Recorded data.
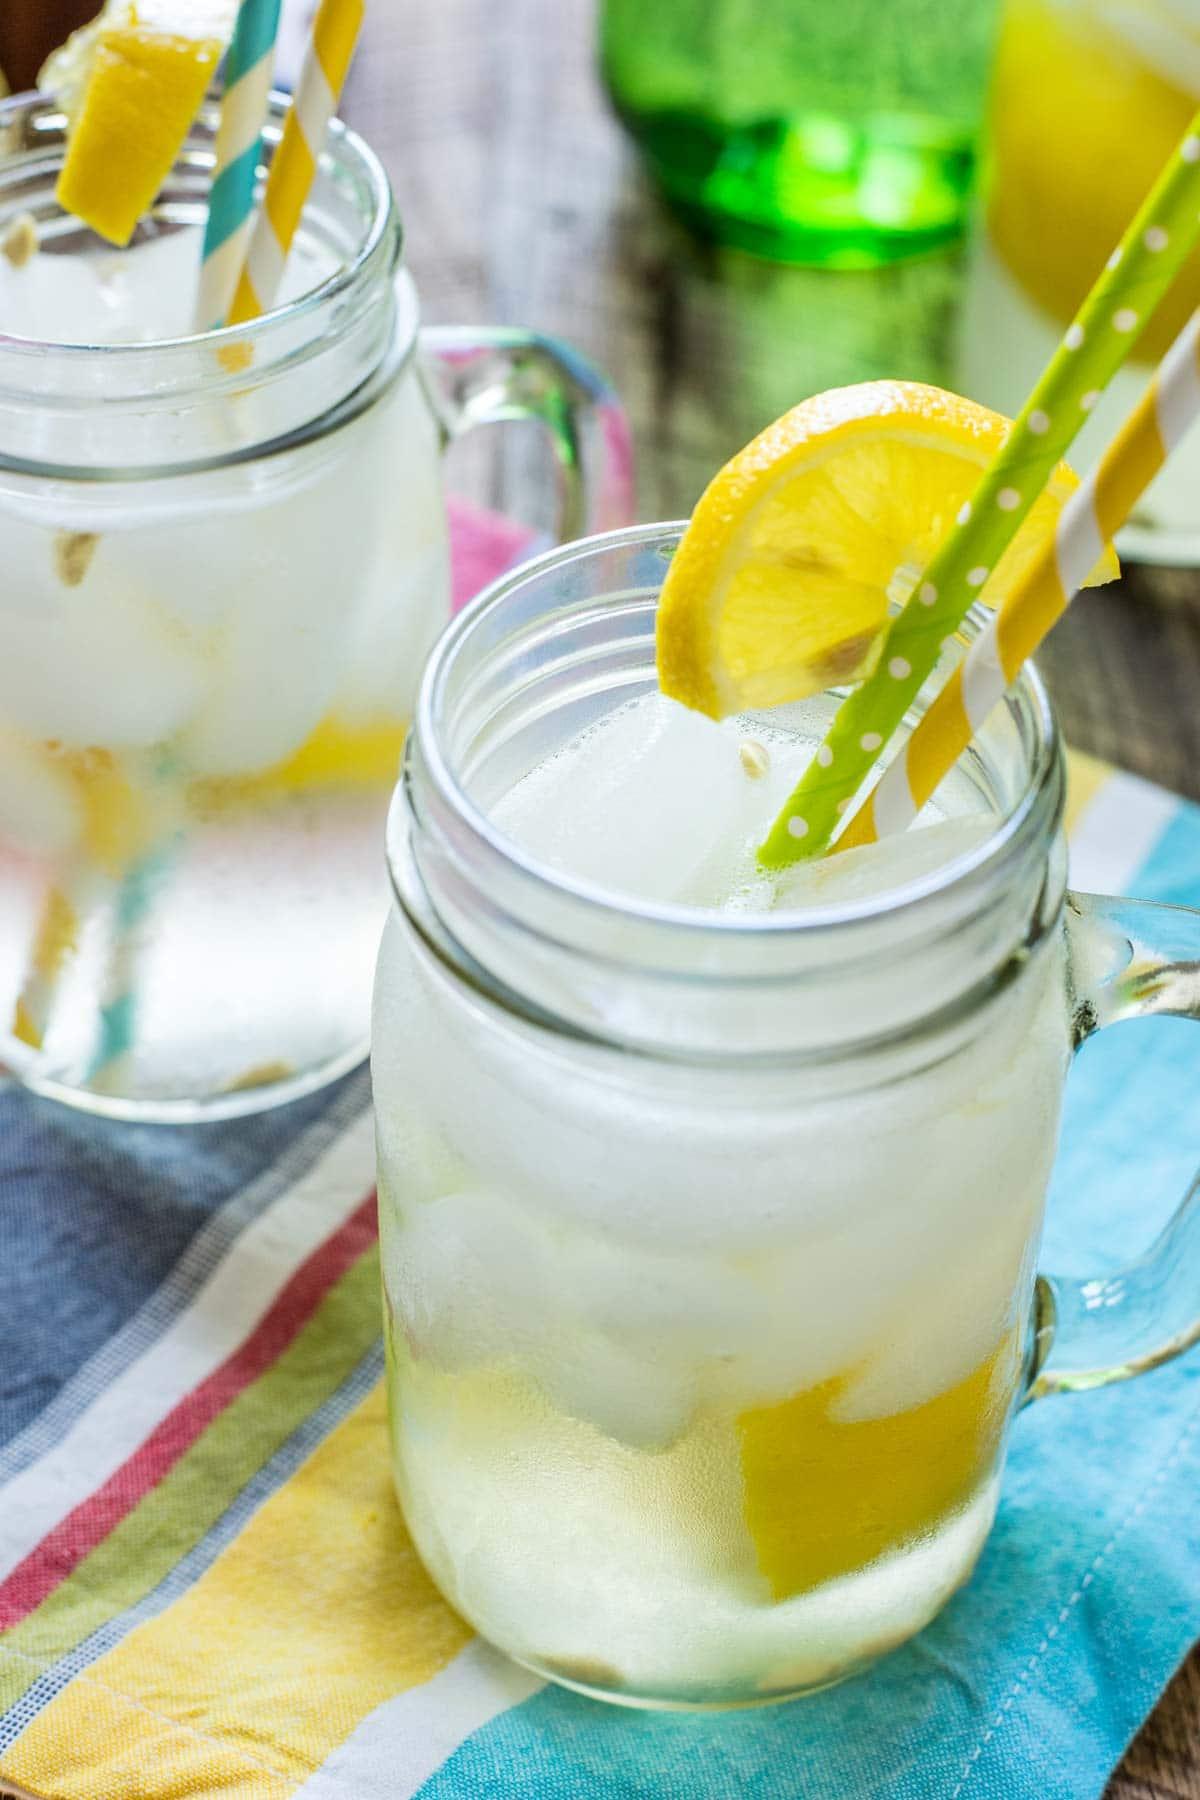 Get the refreshing taste of summer with this Homemade Lemon Shake Up Recipe!
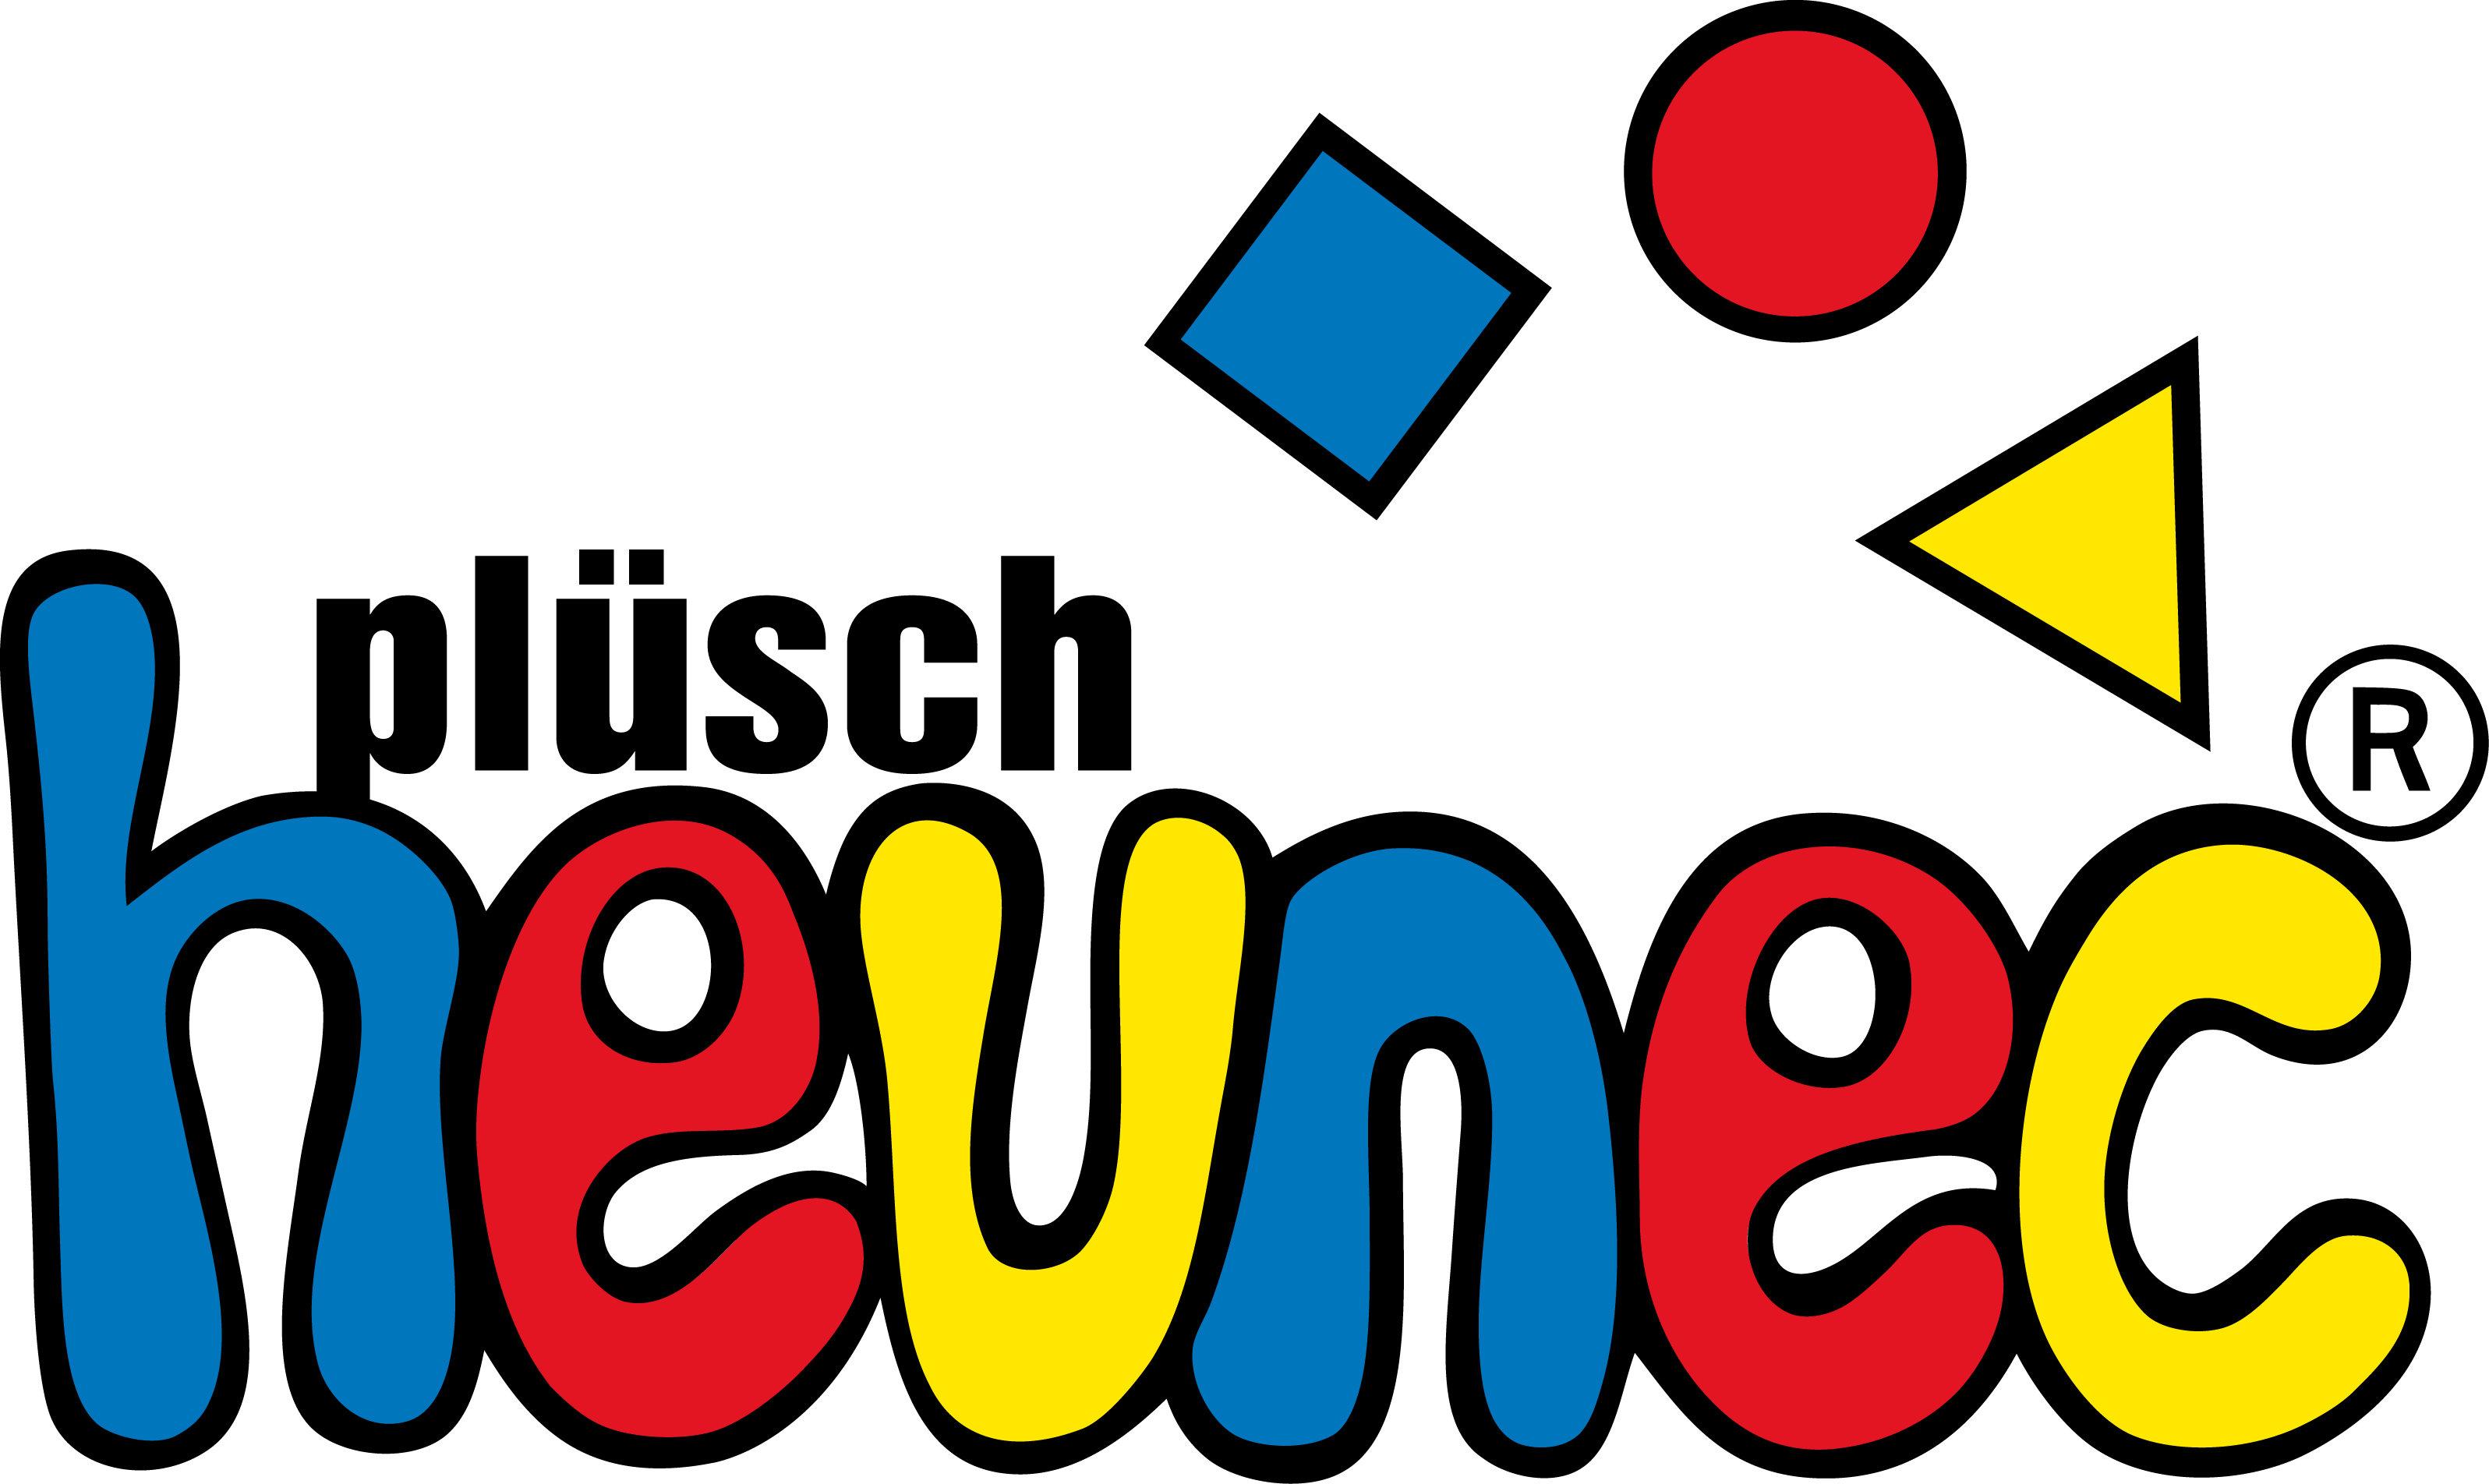 Plüsch Heunec
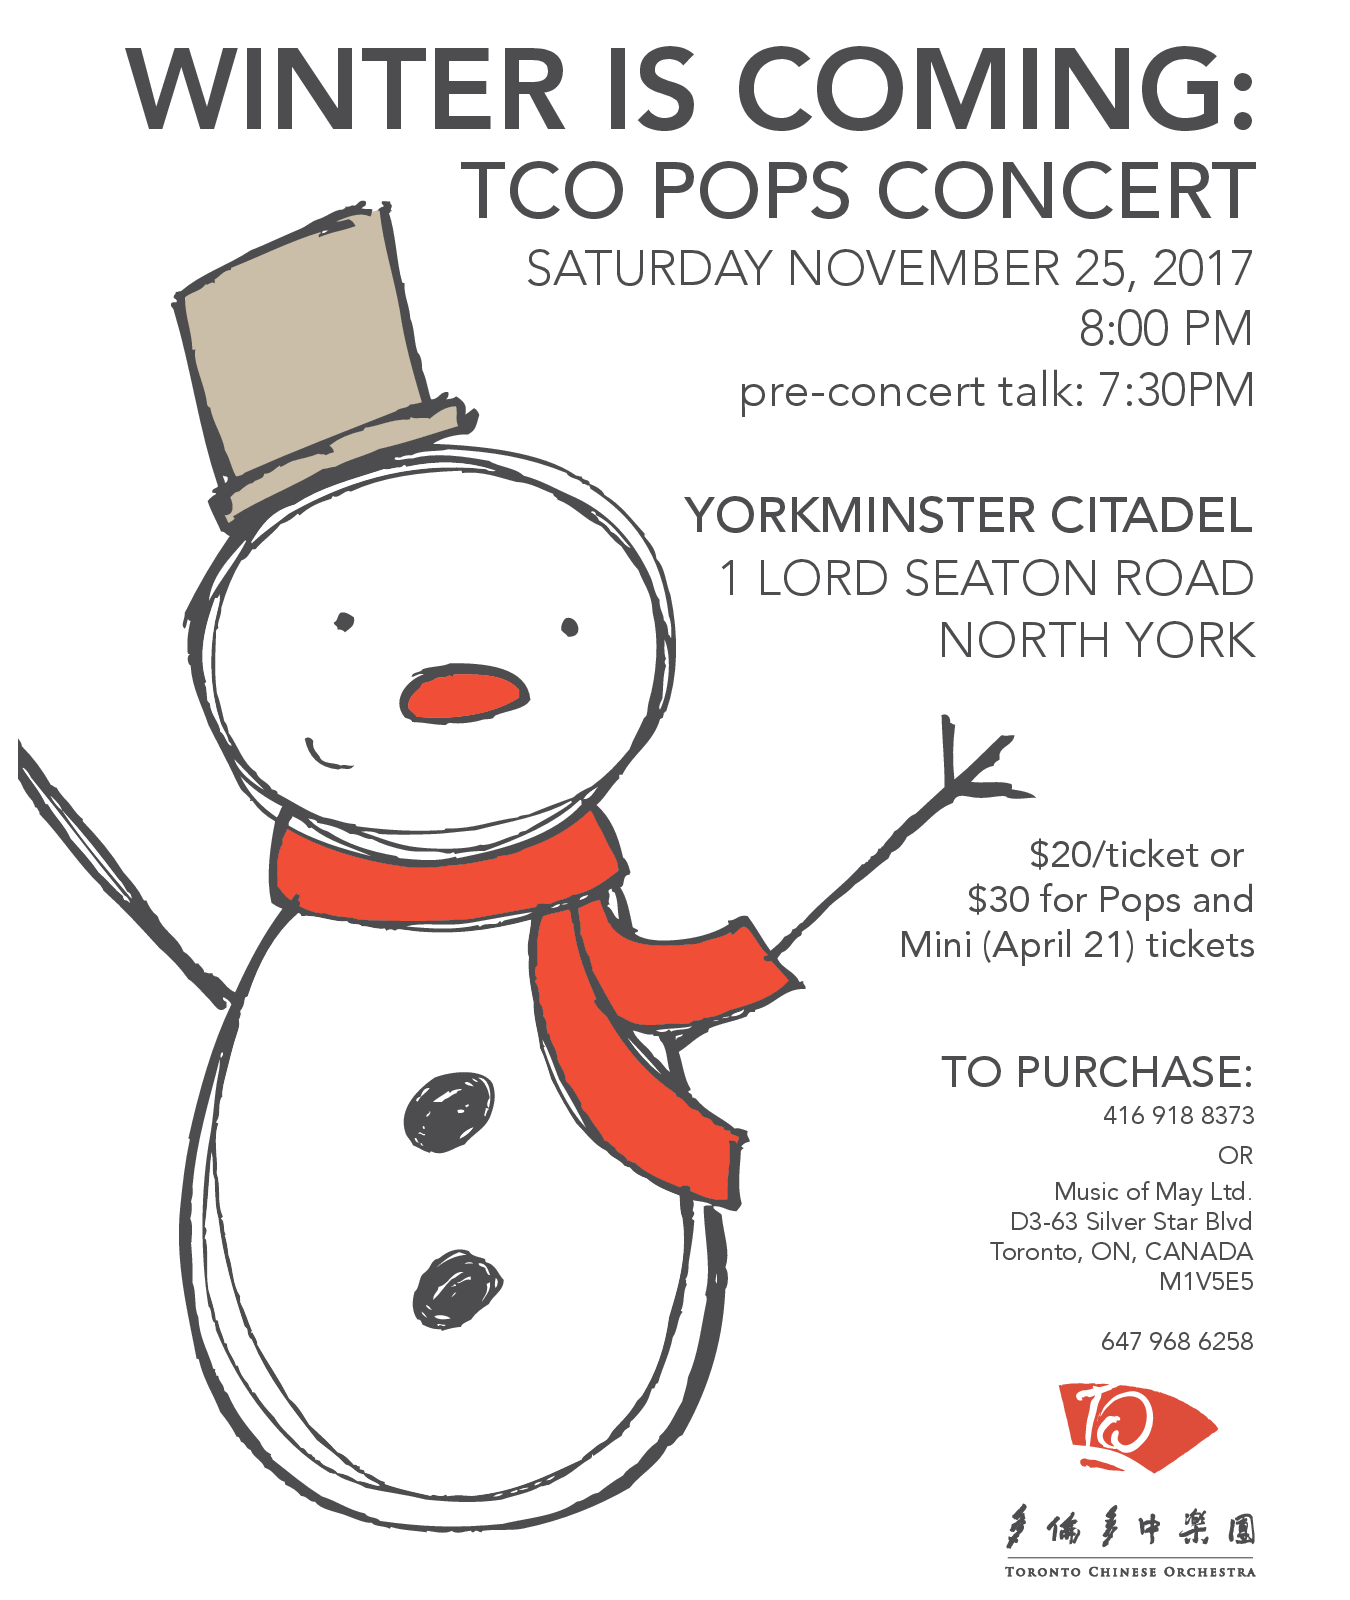 2017-11-25 TCO POPS concert: Winter is Coming

Problem to solve. Skip the pictures. Write out exactly the lines from the one with "Plüsch Heunec" through the last line of the listing, both ends included, and nothing more.

Written solution.
 Plüsch Heunec
 2017-11-25 TCO POPS concert: Winter is Coming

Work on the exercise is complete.